Jul 9, 2013 at 13:40 comment added Bruno Such users could be valuable contributors to SF (both asking and also sometimes answering questions). After all, SF (and the SE sites in general) are places to exchange knowledge. If the topic can be relevant, I'm not sure where or why the problem arises really matters.
Jul 9, 2013 at 13:37 comment added Bruno @WesleyDavid, I think the problem with this strict definition of "professional" is that you cut out people who would want to expand their skills outside their strict work hours. It's quite frequent (possibly not always healthy) for people interested in IT in general to explore technologies they don't know outside the strict remit of their employment, with the hardware they can get hold of at home. I'd say you can learn a lot of reasonably advanced sysadmin skills (which could lead to questions relevant on SF) by using Linux VMs (for example) on a desktop at home.

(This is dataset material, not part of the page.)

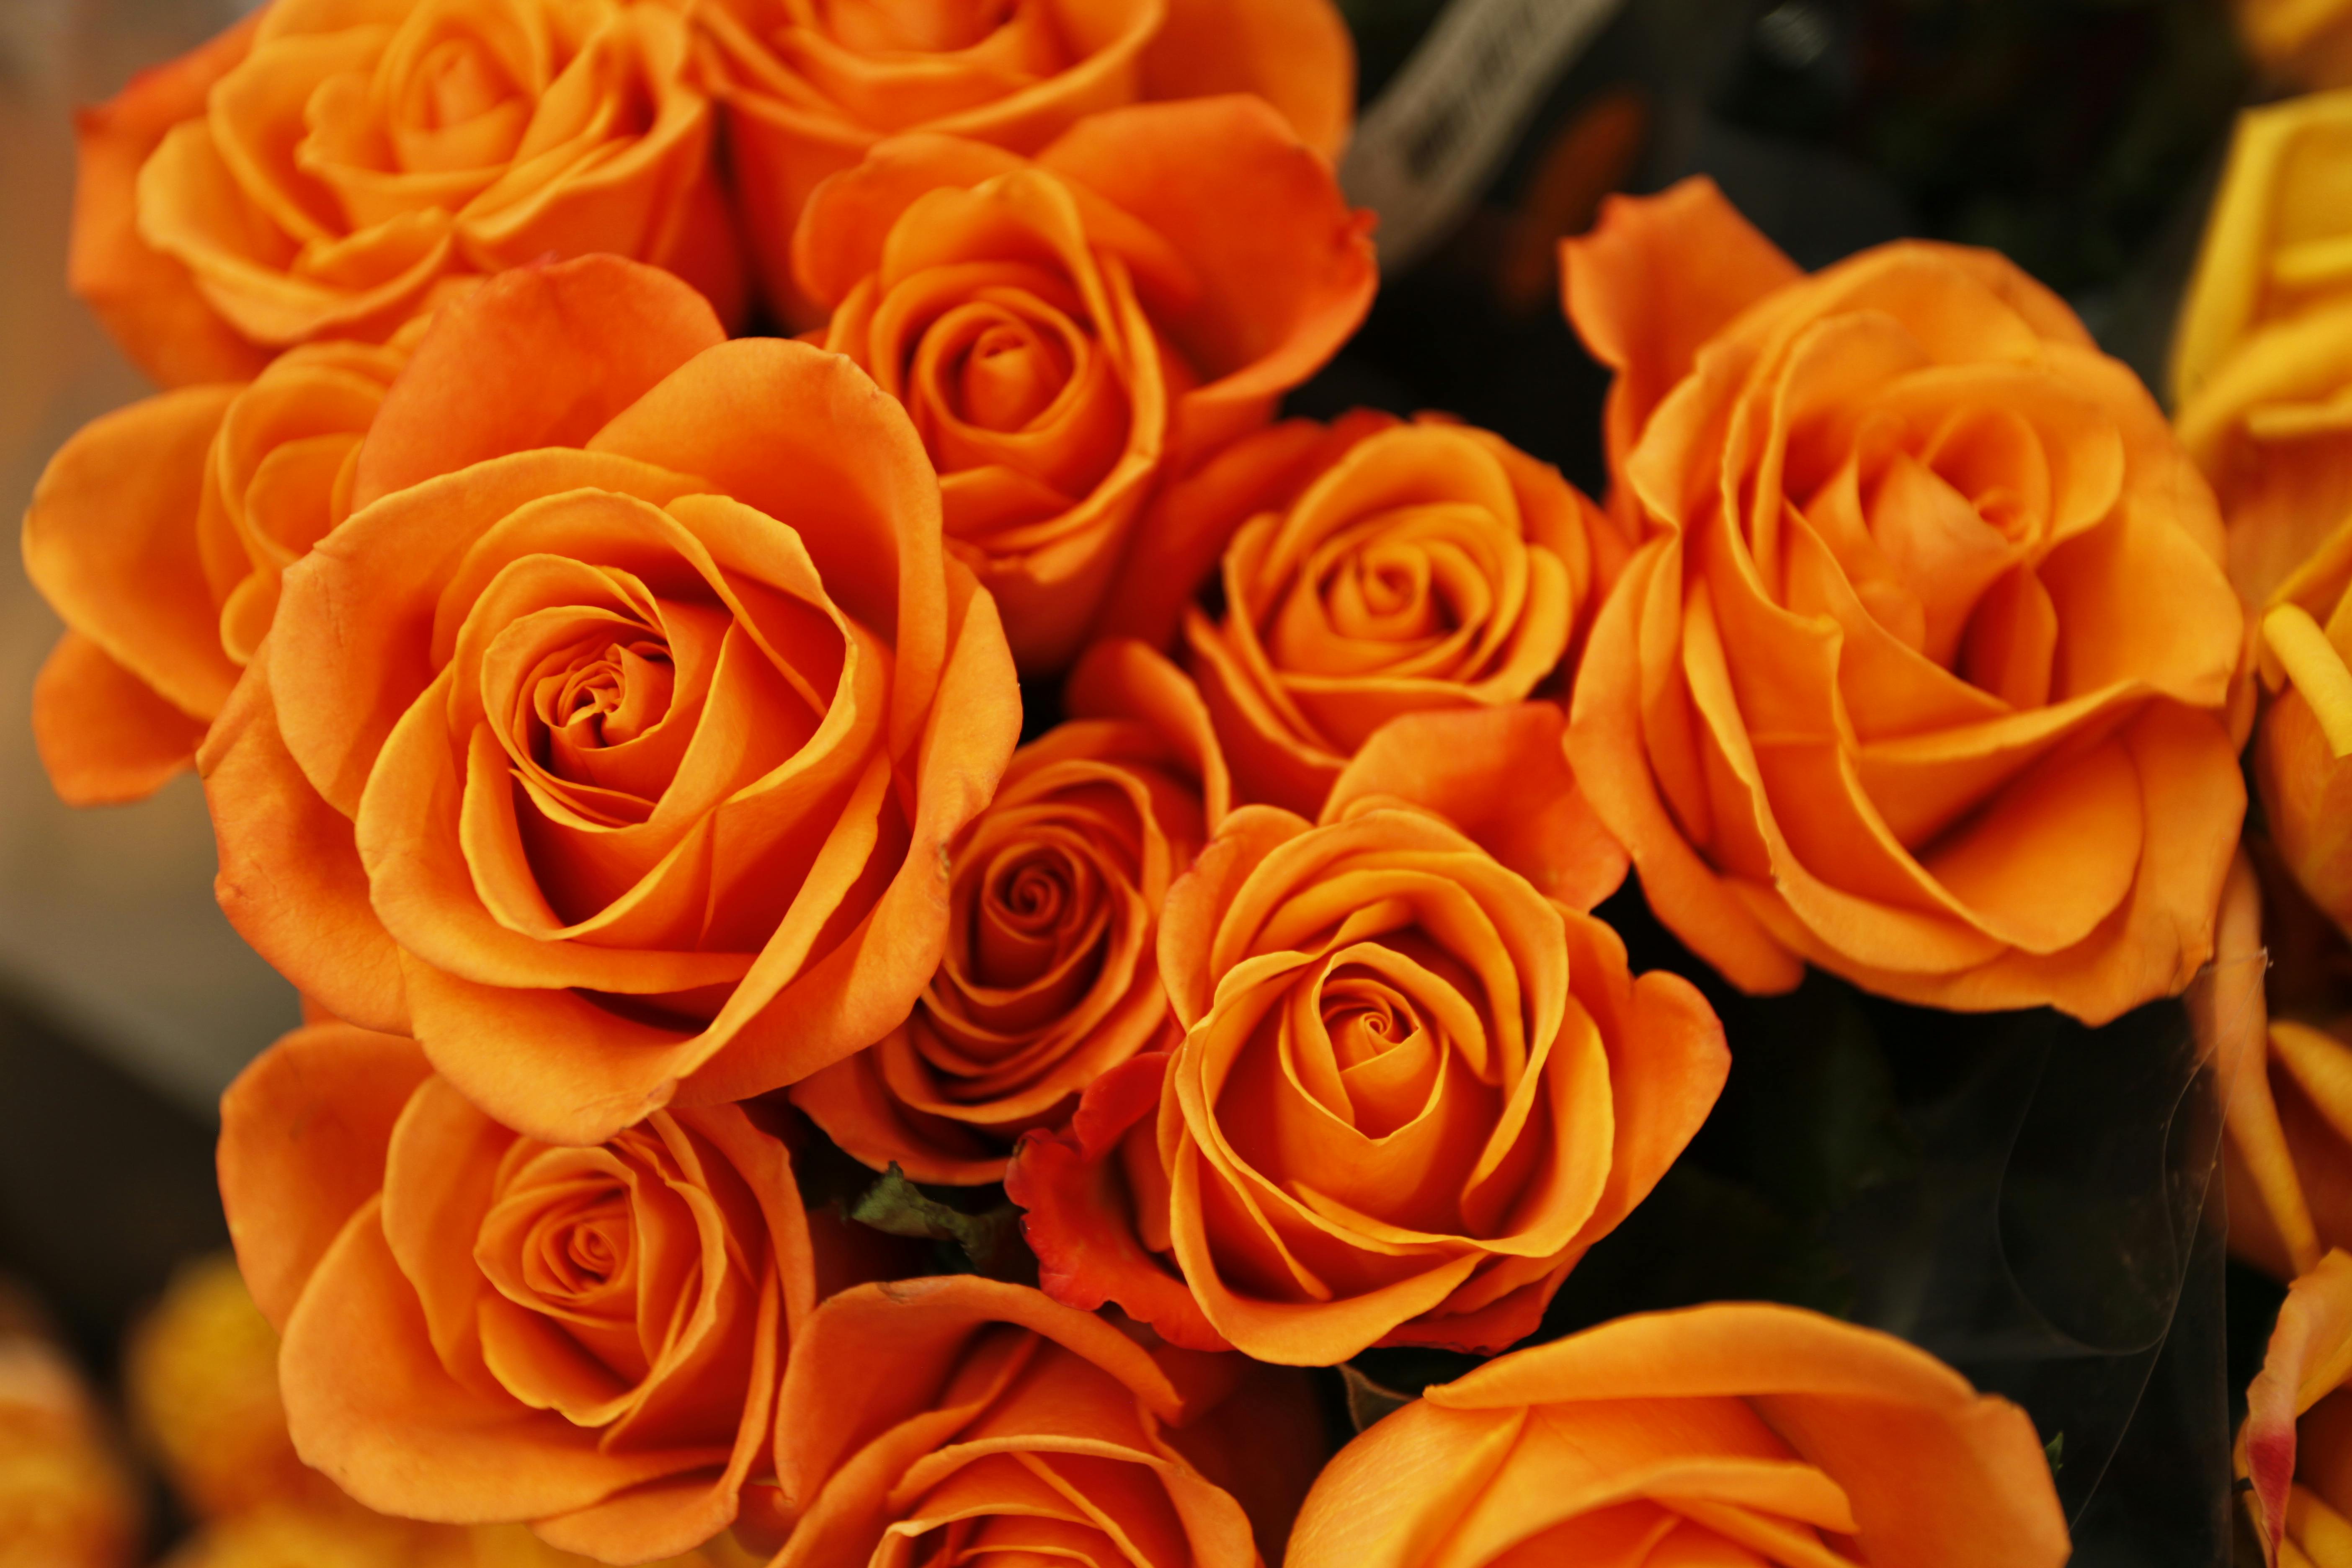 550 Orange Flower Pictures  Download Free Images on Unsplash

Jul 3, 2013 at 22:07 comment added Wesley Even "server applications" running on desktops or laptops are off topic here though. The idea is "professional capacity, professional environment" - anecdotes about people running a MNE's production databases on a laptop aside. So an Nginx problem running on a pi... off topic regardless of if the problem seems to purely be nginx. A Equallogic SAN and 10Gbit HBA issue is OT if it's hosted in a guy's bedroom or closet. If someone can ask a question like that without tipping their bedroom-hosting-hand, well... we're not Kreskin, so fine.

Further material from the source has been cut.